The doctor, of course, in hearing all this, said something of a tendency to comfort and console the mind of his patient. Not that anything he could say would comfort or console the man; but that it was impossible to sit there and hear such fearful truths—for as regarded Scatcherd they were truths—without making some answer.

“This is as good as a play, isn’t, doctor?” said the baronet. “You didn’t know how I could come out like one of those actor fellows. Well, now, come; at last I’ll tell you why I have sent for you. Before that last burst of mine I made my will.”

“You had a will made before that.”

“Yes, I had. That will is destroyed. I burnt it with my own hand, so that there should be no mistake about it. In that will I had named two executors, you and Jackson. I was then partner with Jackson in the York and Yeovil Grand Central. I thought a deal of Jackson then. He’s not worth a shilling now.”
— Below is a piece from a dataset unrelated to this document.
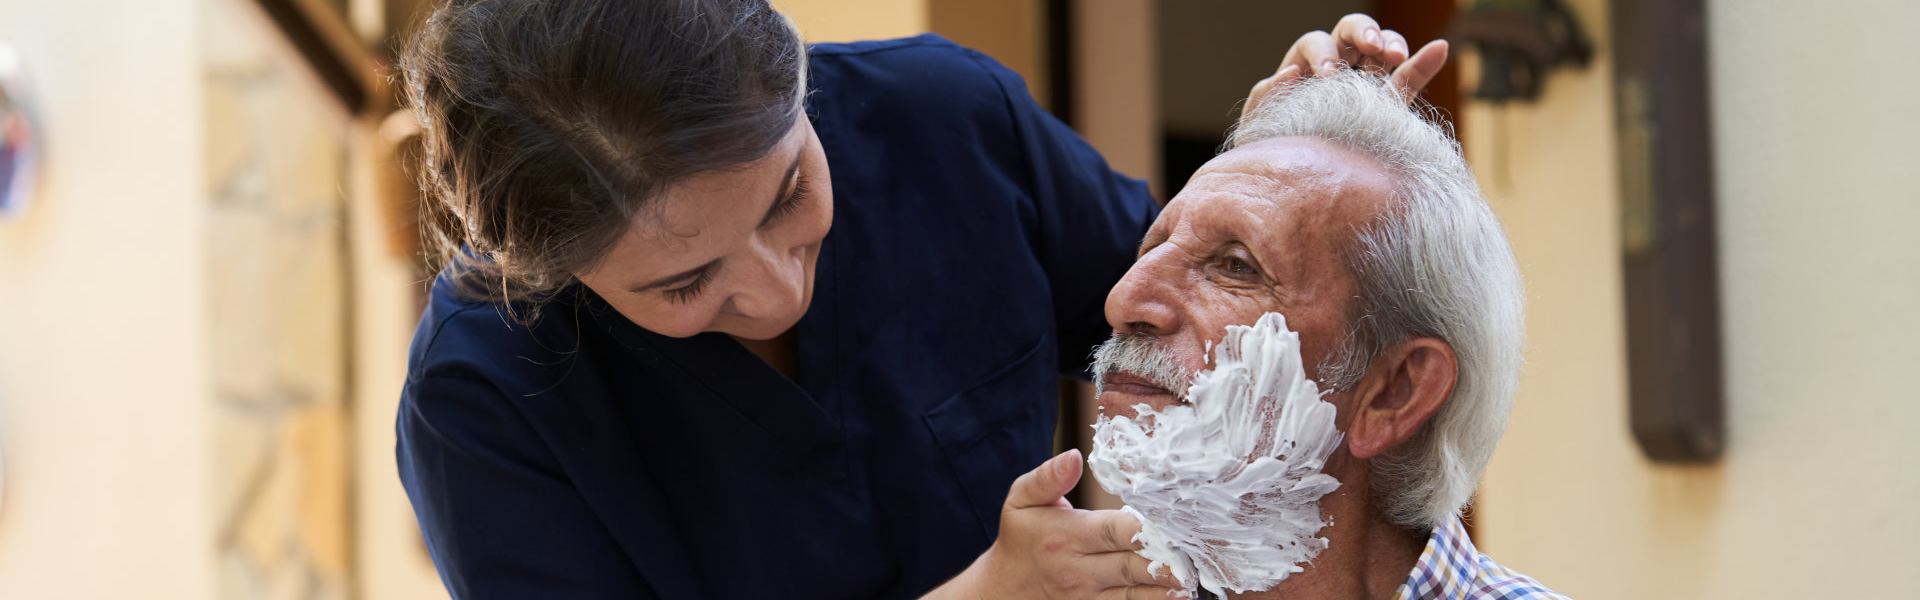 caregiver shaving the beard of an elderly

“Well, I’m exactly in the same category.”

“No, you’re not. Jackson is nothing without money; but money’ll never make you.”

“No, nor I shan’t make money,” said the doctor.
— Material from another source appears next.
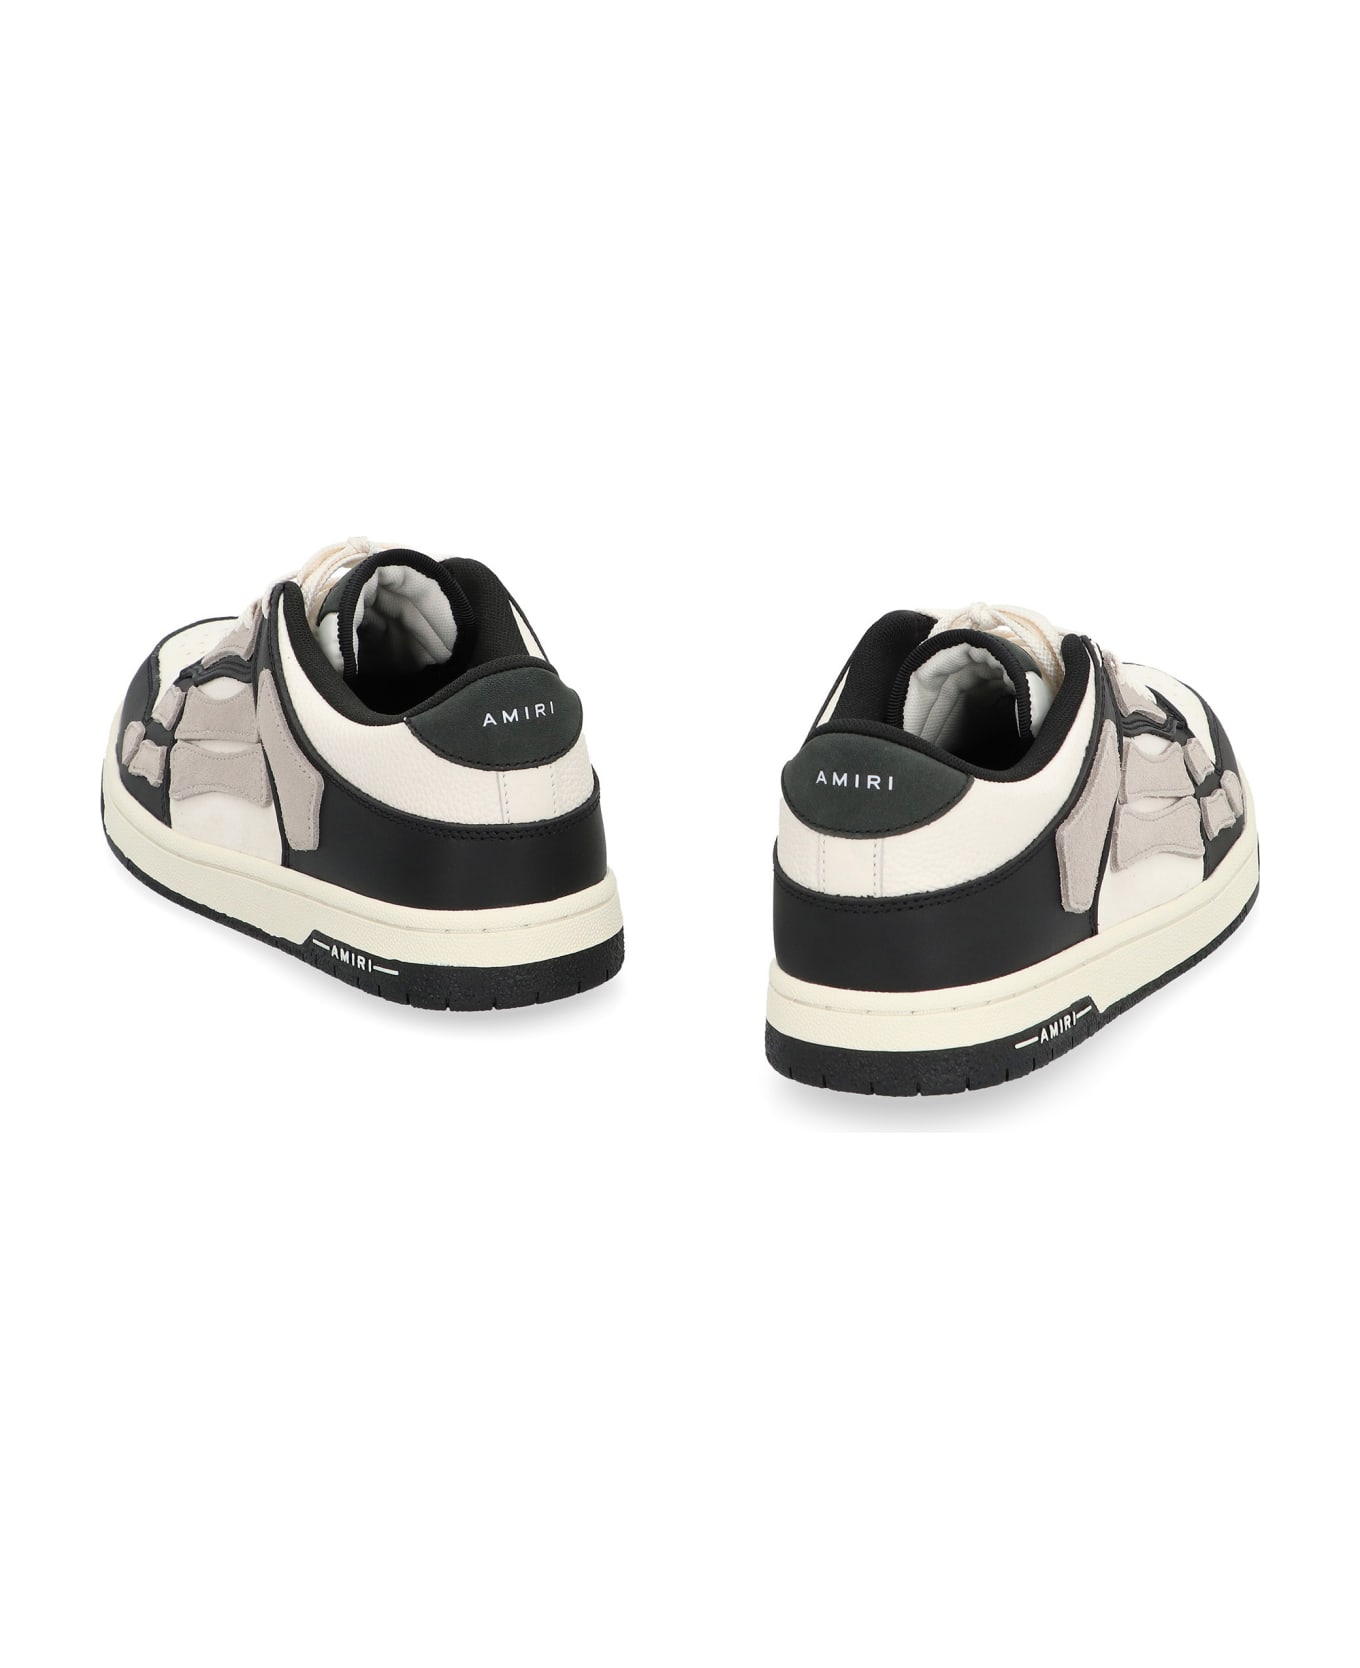 AMIRI Skel Top Low-top Sneakers - NEUTRALS/BLACK

“No, you never will. Nevertheless, there’s my other will, there, under that desk there; and I’ve put you in as sole executor.”

“You must alter that, Scatcherd; you must indeed; with three hundred thousand pounds to be disposed of, the trust is far too much for any one man: besides you must name a younger man; you and I are of the same age, and I may die the first.”

“Now, doctor, doctor, no humbug; let’s have no humbug from you. Remember this; if you’re not true, you’re nothing.”

“Well, but, Scatcherd—”

“Well, but doctor, there’s the will, it’s already made. I don’t want to consult you about that. You are named as executor, and if you have the heart to refuse to act when I’m dead, why, of course, you can do so.”

The doctor was no lawyer, and hardly knew whether he had any means of extricating himself from this position in which his friend was determined to place him.

“You’ll have to see that will carried out, Thorne. Now I’ll tell you what I have done.”

“You’re not going to tell me how you have disposed of your property?”

“Not exactly; at least not all of it. One hundred thousand I’ve left in legacies, including, you know, what Lady Scatcherd will have.”

“Have you not left the house to Lady Scatcherd?”

“No; what the devil would she do with a house like this? She doesn’t know how to live in it now she has got it. I have provided for her; it matters not how. The house and the estate, and the remainder of my money, I have left to Louis Philippe.”

“What! two hundred thousand pounds?” said the doctor.

“And why shouldn’t I leave two hundred thousand pounds to my son, even to my eldest son if I had more than one? Does not Mr. Gresham leave all his property to his heir? Why should not I make an eldest son as well as Lord de Courcy or the Duke of Omnium? I suppose a railway contractor ought not to be allowed an eldest son by Act of Parliament! Won’t my son have a title to keep up? And that’s more than the Greshams have among them.”

The doctor explained away what he said as well as he could. He could not explain that what he had really meant was this, that Sir Roger Scatcherd’s son was not a man fit to be trusted with the entire control of an enormous fortune.

Sir Roger Scatcherd had but one child; that child which had been born in the days of his early troubles, and had been dismissed from his mother’s breast in order that the mother’s milk might nourish the young heir of Greshamsbury. The boy had grown up, but had become strong neither in mind nor body. His father had determined to make a gentleman of him, and had sent to Eton and to Cambridge. But even this receipt, generally as it is recognised, will not make a gentleman. It is hard, indeed, to define what receipt will do so, though people do have in their own minds some certain undefined, but yet tolerably correct ideas on the subject. Be that as it may, two years at Eton, and three terms at Cambridge, did not make a gentleman of Louis Philippe Scatcherd.